Microphone and a Radio Shack boom box in your bass player's rec room. In
the past, the fact that the pride of Ohio, Robert Pollard (and whoever he
could get to play with him), released albums simply as an excuse to come up
with as many goofy song titles as possible only made him more endearing to
cranky fanzine editors and art-garage aficionados the world over. And Guided
By Voices were arty and of the garage- the best of their early stuff sounded
like unreleased demo tapes some acid-rock casualty might have made in Dennis
Wilson's guest house. G.B.V. also spawned a DIY movement of sorts. It was
composed of vinyl junkies of a certain age, who, although enamored with the
rare folkpsychmonster aspect of the '60s, had also learned a thing or two
from postpunkers the Fall and Wire. (I'm thinking of Thinking Fellers Union,
the Grifters, the Strapping Fieldhands, Sebadoh, Pavement.) And even though
English majors need glorified bar bands as much as anyone else, most if not
all these groups have since learned to embrace actual stereophonic recording
studios, leaving room for a new generation of record-store clerks to dazzle
us with the crudity of their art. Robert Pollard, whose music hasn't
sounded like an AM radio at the bottom of a well for years now, has gone
further than any of his partners in production-value crime on Do the
Collapse, his 400th album. Thanks to used Car Ric Ocasek's production job,
this ex-schoolteacher's hobby band has a shiny new coat that would have been
unimaginable five years ago. Ocasek makes rock so clean you can eat off it,
and a lot of this album even has the punch and energy of the Cars' wondrous
debut. (An energy not found on G.B.V.'s last two G.B.V. releases, although
they both had their share of keepers, like for instance "Learning To Hunt"
on Mag Earwig, an uncharacteristically poignant song about fatherhood that
reminds me of "Kooks" on David Bowie's Hunky Dory. At least I think it's
about fatherhood- it might be about hunting.) On Collapse, "Teenage FBI" has
those rinky-dink synths that Cars cover-band the Rentals revived not long
ago, and the sweet guitar leads that waft in from nowhere on "Much Better
Mr. Buckles" rank with powerpop's greatest gifts. Sturdy, dirt-simple riffs
start off 95 percent of the album. (I never liked the Nirvana/grunge
jangly-bumpkin intro approach; you just knew any second they were gonna
stomp on their effects pedal, set for "long hair.") I'm not going to get
into band members here besides our hero Mr. Pollard. You can look up their
tangled family tree on the G.B.V. Web site, and who knows, you might even be
on it! I like the band shots that adorn the new album, though. What with the
guys dressed up in custodial-crew gear, the pictures don't convey the
long-standing indie chic of trucker hats, Pabst Blue Ribbon, and somebody
else's work clothes so much as they resemble promo shots of cleaned-up Ohio
pub-rockers the Rubber City Rebels, circa 1979. And G.B.V.'s on TVT now-
same label that gave long-in-the-tooth Aussie punk Chris Bailey of the
Saints a new lease on life, and the label that made Nine Inch Nail Trent
Reznor so mad he spit out a million-selling record. I guess their former
label, Matador, now a cutting-edge dance imprint, didn't hear enough drum
'n'/or bass in the new G.B.V. sound (but there's plenty of both!). Has this
band sold out its underground cred by creating a slick pop-rock album on a
label founded with sitcom theme-music money? First of all, nobody cares.
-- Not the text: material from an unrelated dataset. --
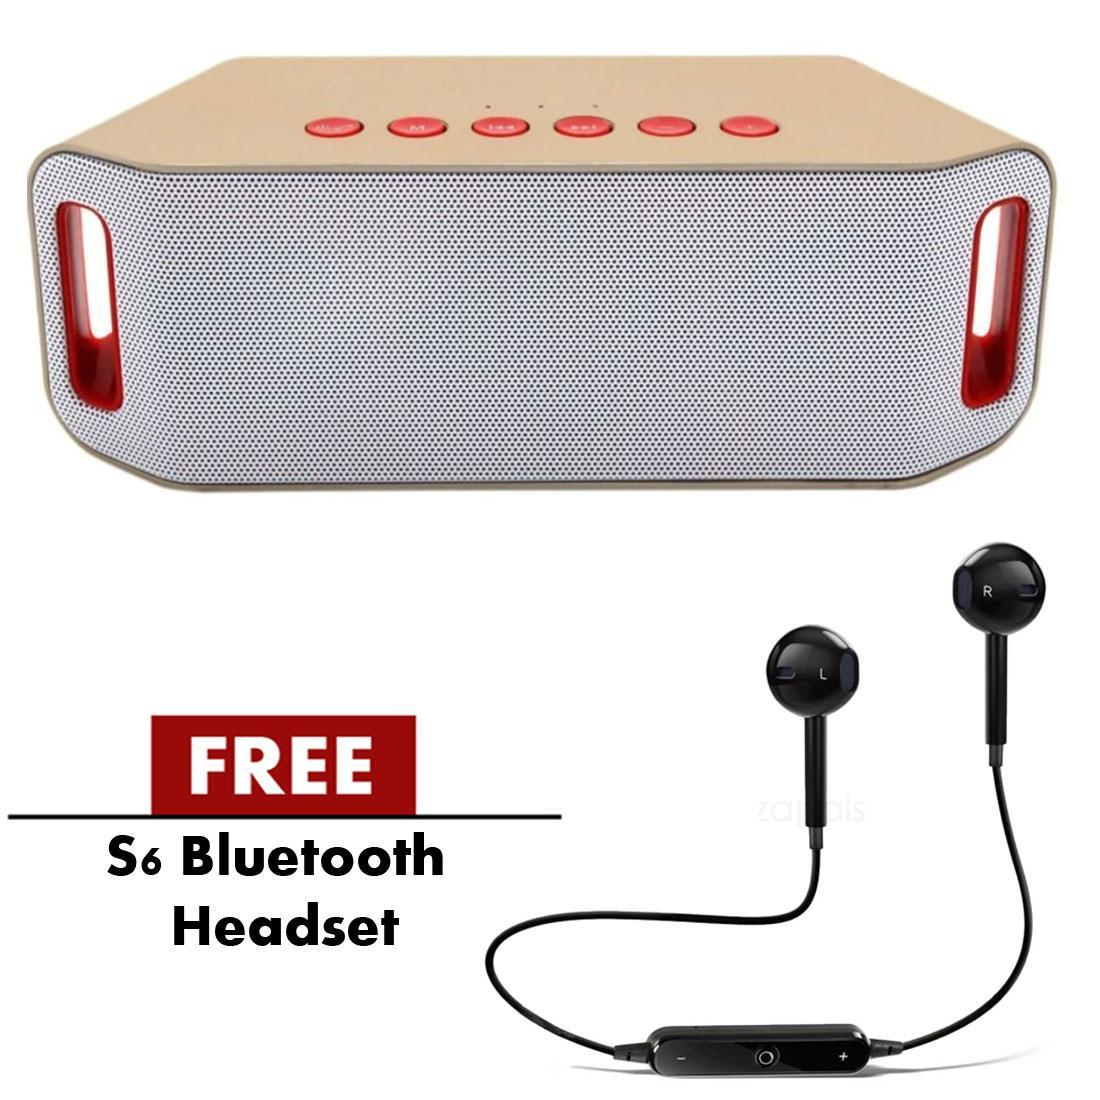 S204 SuperBass Portable Wireless Bluetooth Speaker (Gold) With Free S6 4 1  Bluetooth Sport Wireless Headset (Black)
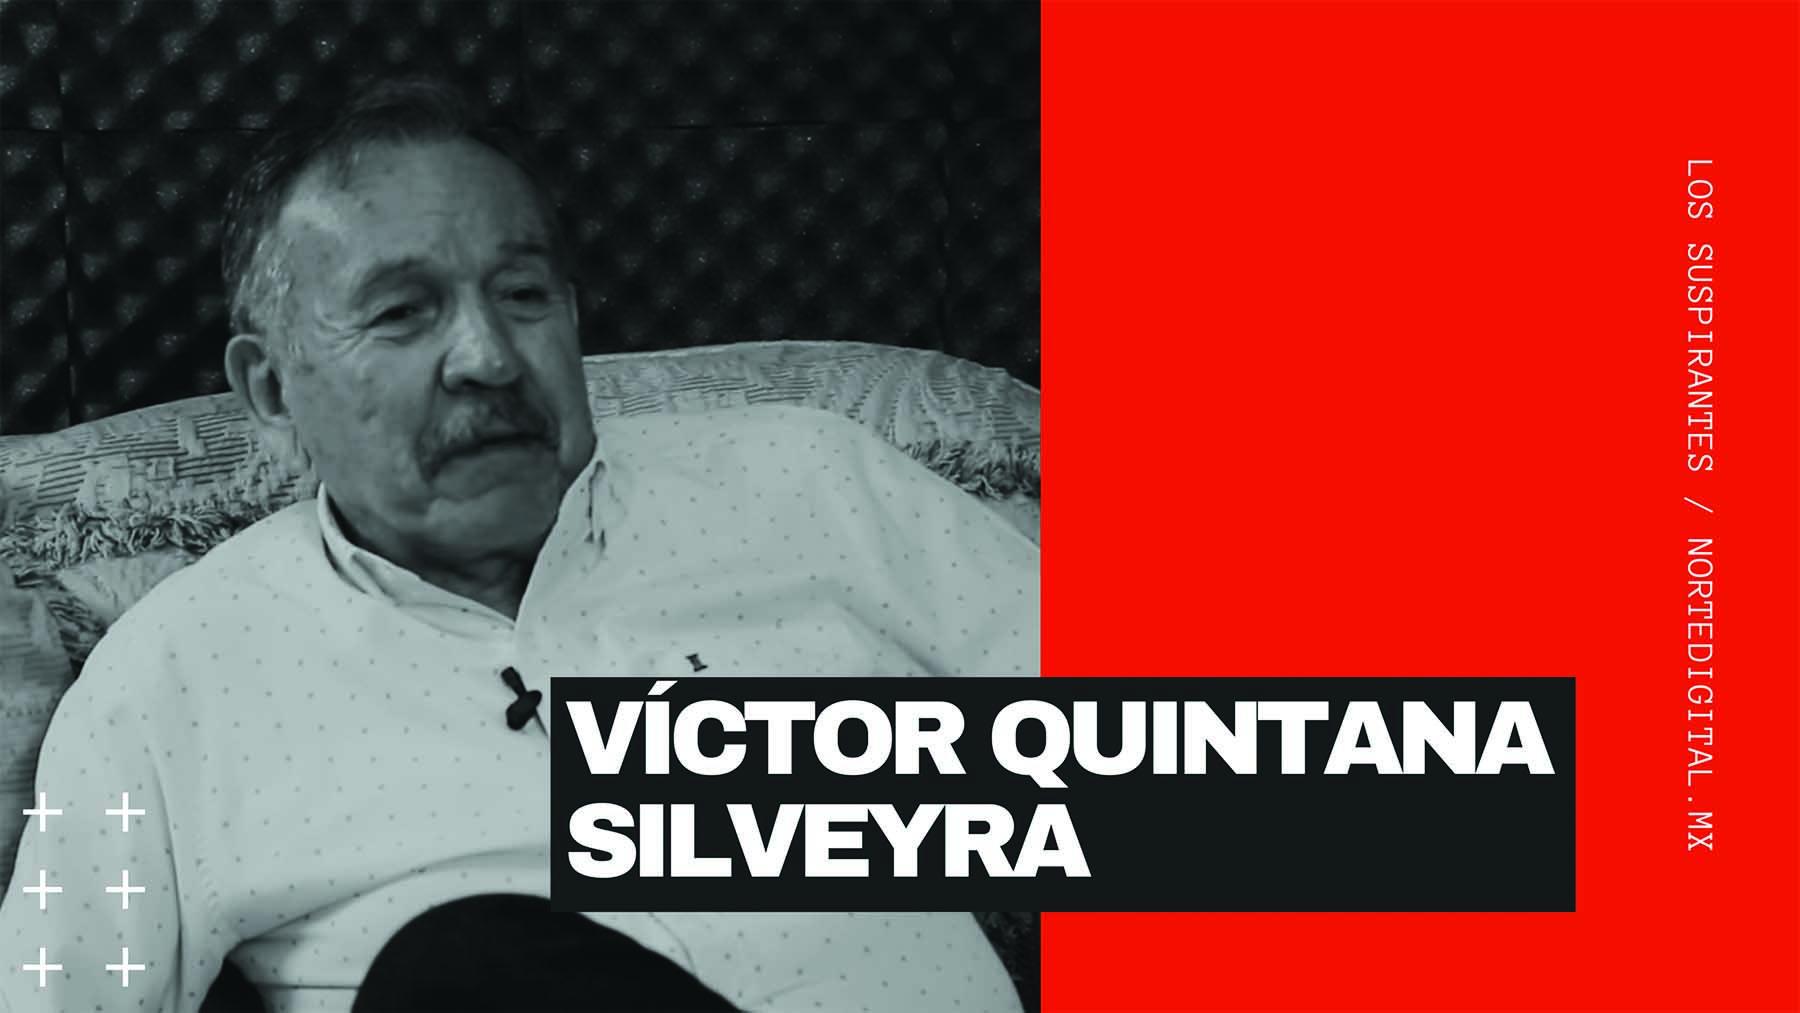 Víctor Quintana

Second of all, Robert Pollard is old enough to be your father's older
brother. More important, he lives in Dayton, Ohio. What's he gonna do, buy
the swankiest house in Dayton with all that dough TVT throws around? Put a
moat around his above-ground pool? People from Ohio are incapable of selling
out. Just ask Devo, the Bizarros, Pere Ubu, and the Dead Boys- all
major-label heavyweights in their day. The only way you can do it is if you
move away to England like Chrissie Hynde and dis your smelly shores from
afar. And so what if Do the Collapse has the best Collective Soul song ever
recorded ("Hold on Hope") on it? You'll still never hear it on the radio. In
a perfect world, the cliché goes, kids would flip their lids for whatever
collegiate rock icon is being neglected this week. In the real world,
somebody with a flair for language and a good hook should be able to earn a
happy living without ever leaving home.